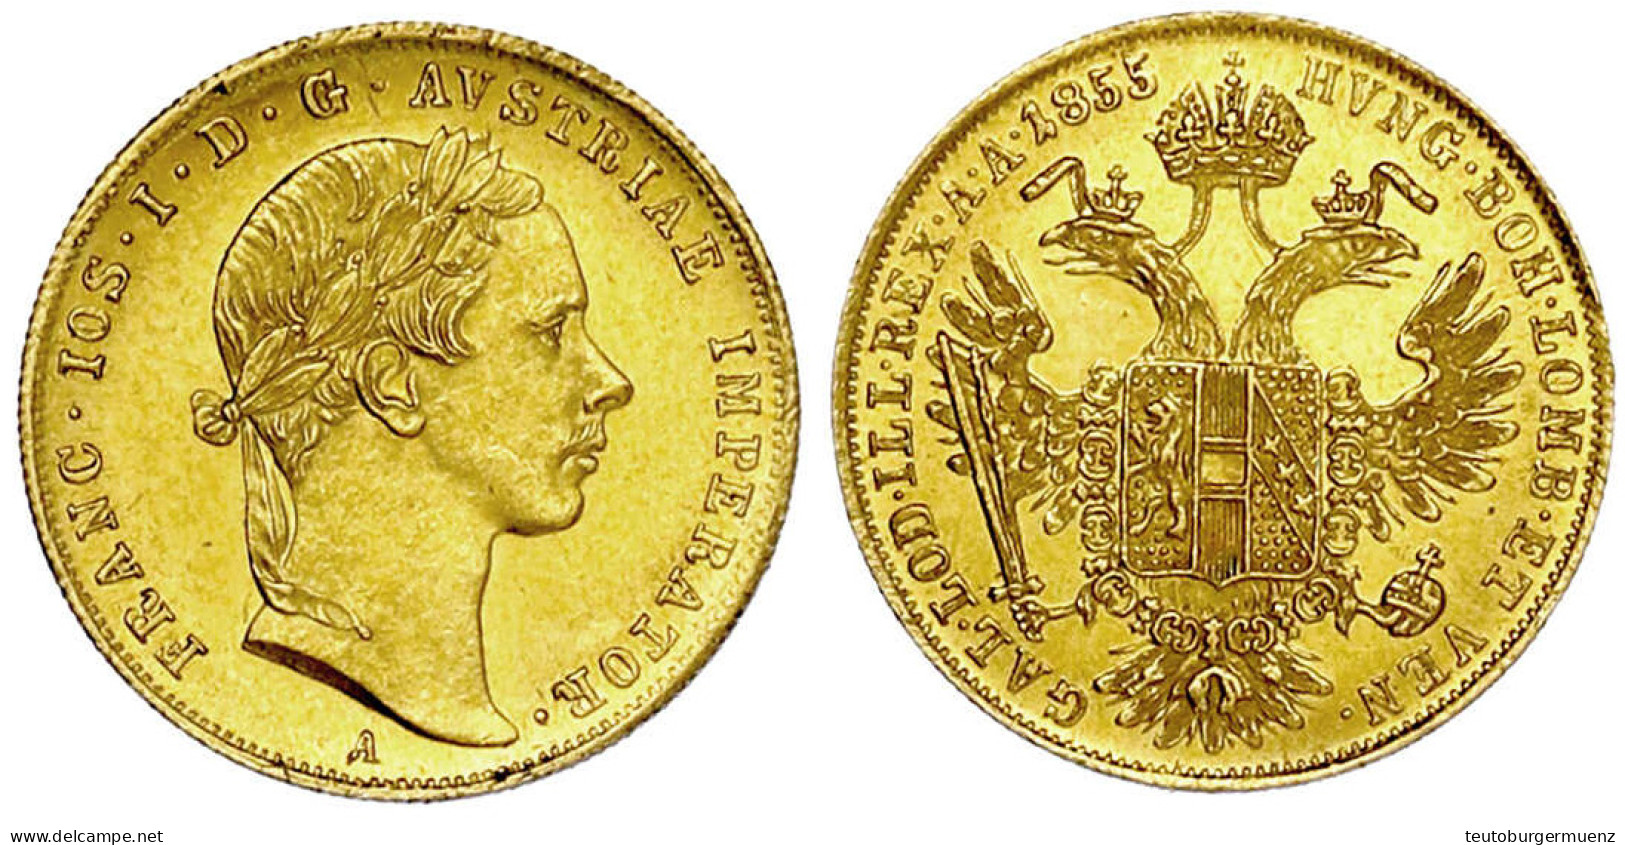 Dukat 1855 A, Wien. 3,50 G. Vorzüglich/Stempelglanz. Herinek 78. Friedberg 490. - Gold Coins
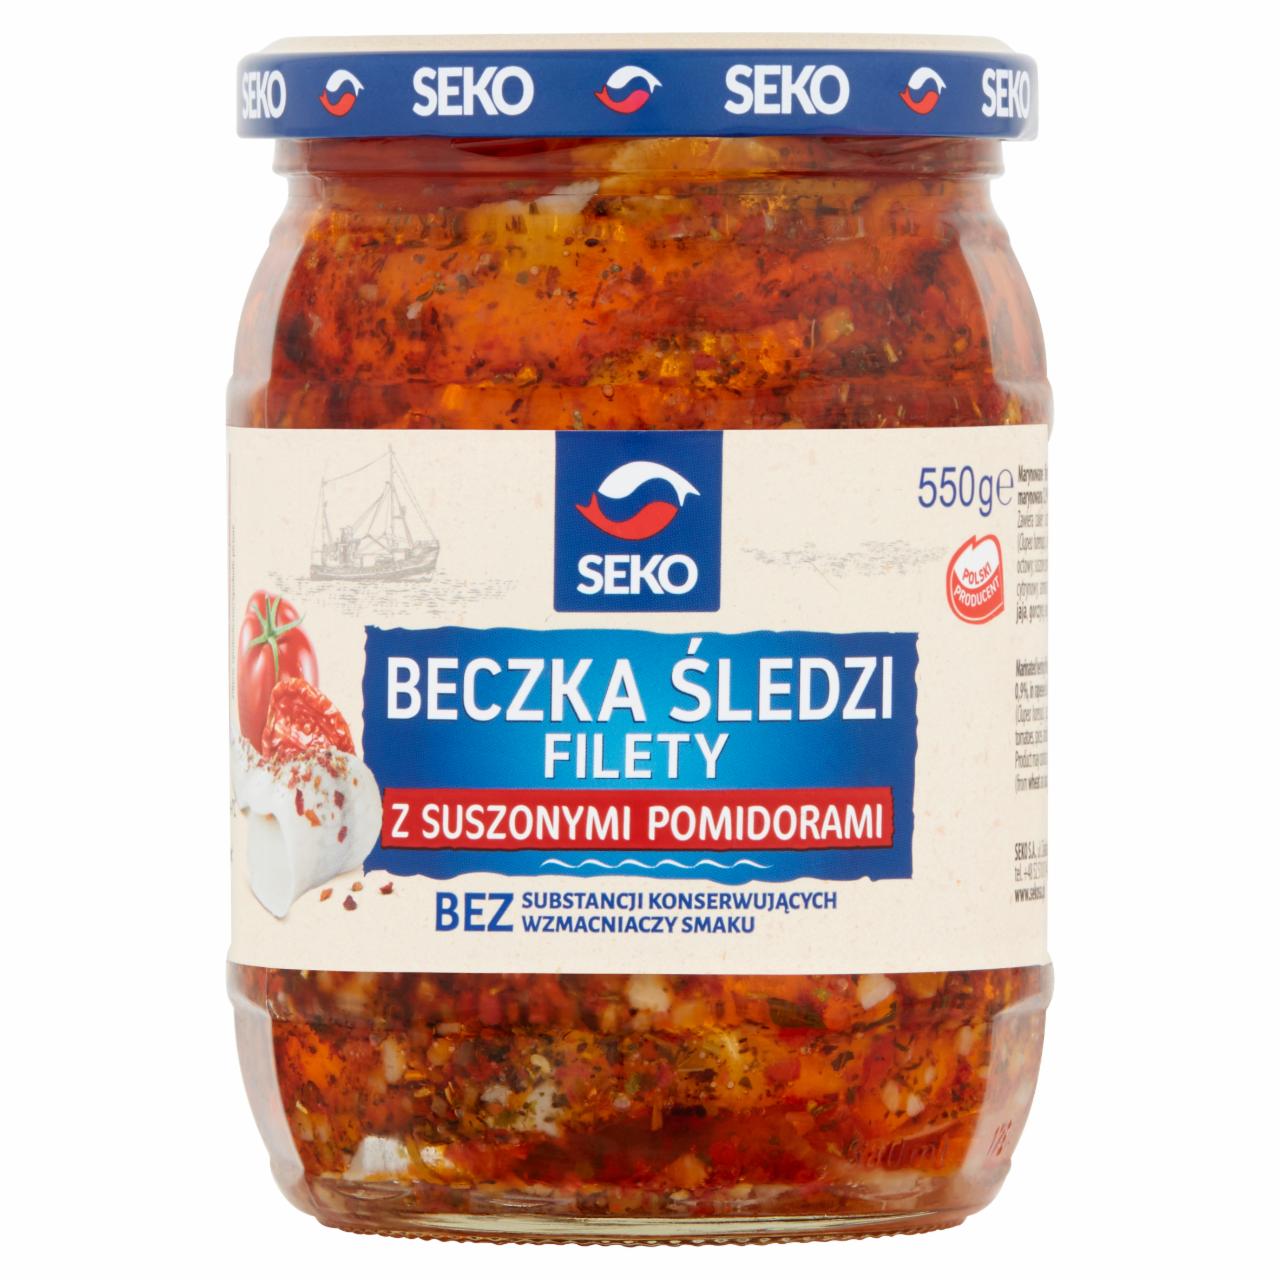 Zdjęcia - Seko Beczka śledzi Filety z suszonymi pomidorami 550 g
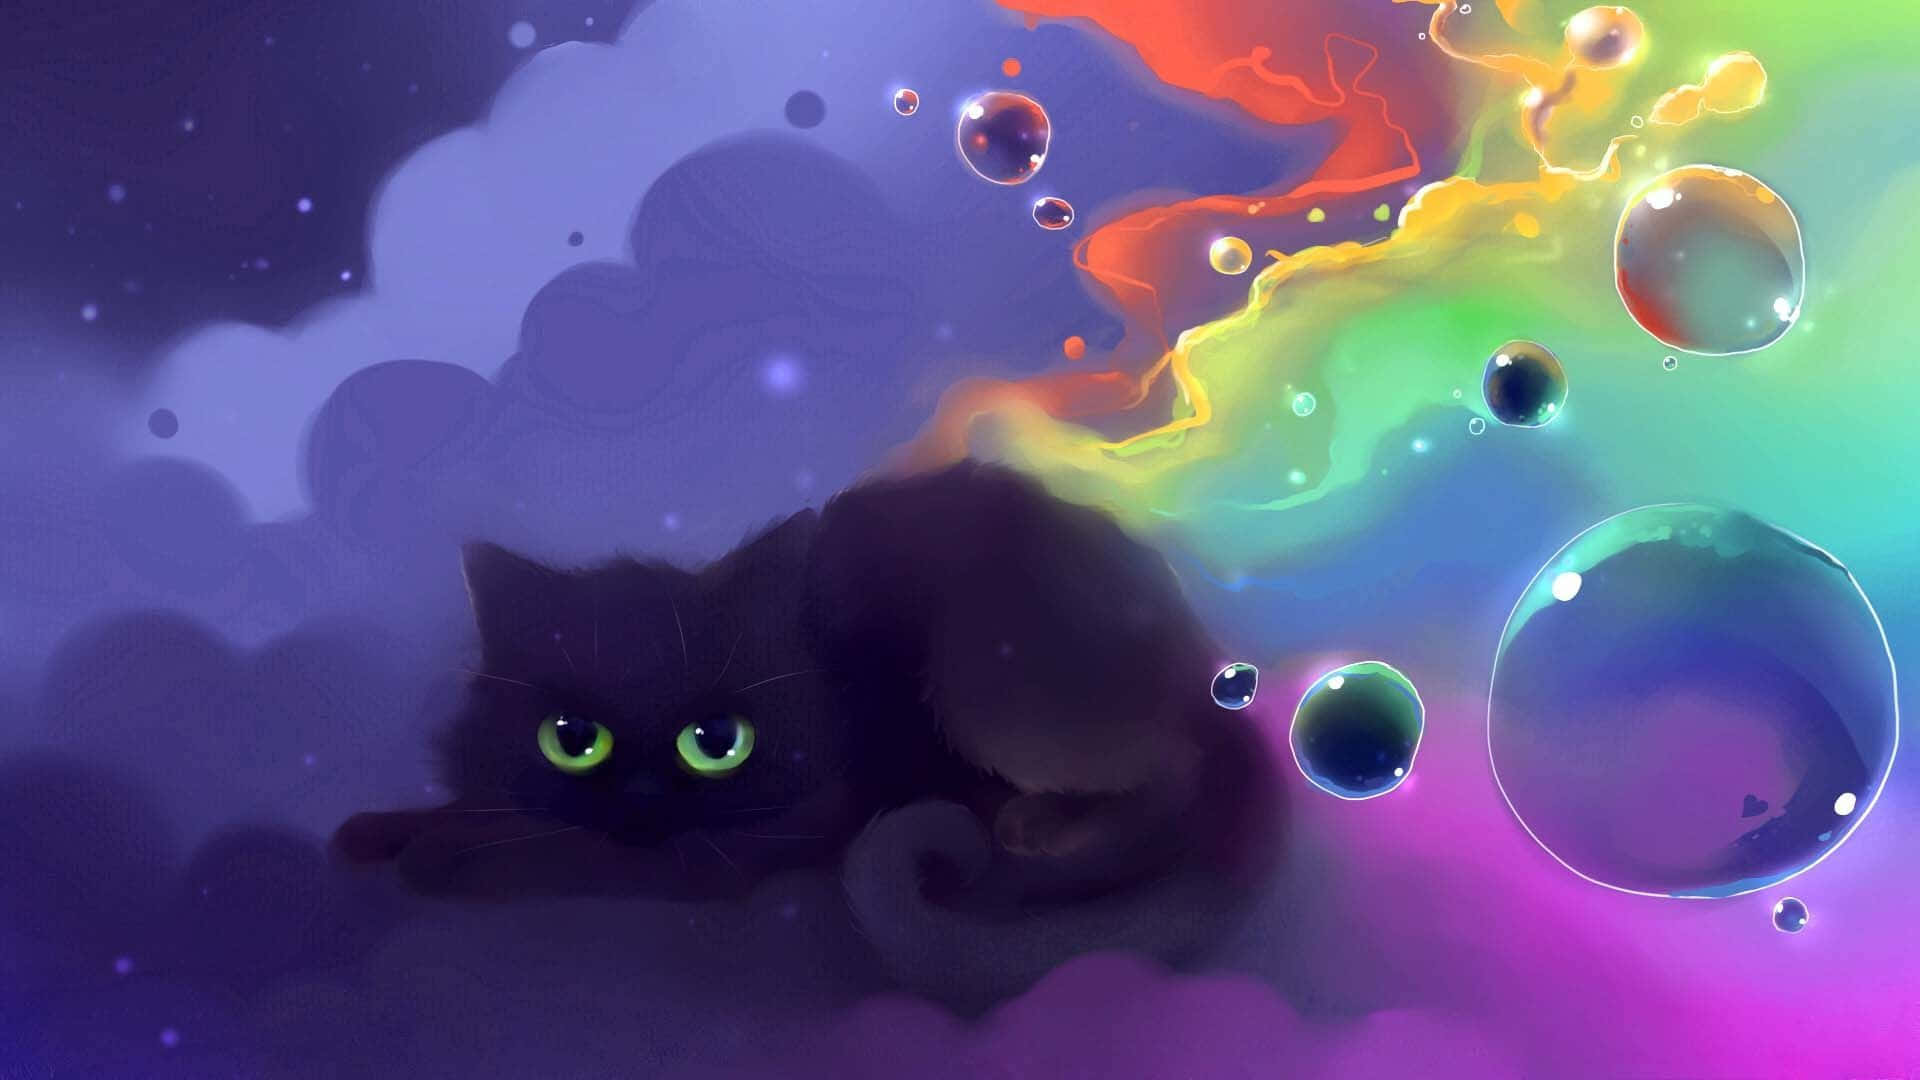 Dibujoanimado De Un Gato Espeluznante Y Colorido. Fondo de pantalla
▬▬▬
PROBLEM TO WORK ON
All of the lines above should be copied exactly, apart from the pictures.

PROBLEM SOLUTION
 Dukat 1855 A, Wien. 3,50 G. Vorzüglich/Stempelglanz. Herinek 78. Friedberg 490. - Gold Coins
 Zdjęcia - Seko Beczka śledzi Filety z suszonymi pomidorami 550 g
 Dibujoanimado De Un Gato Espeluznante Y Colorido. Fondo de pantalla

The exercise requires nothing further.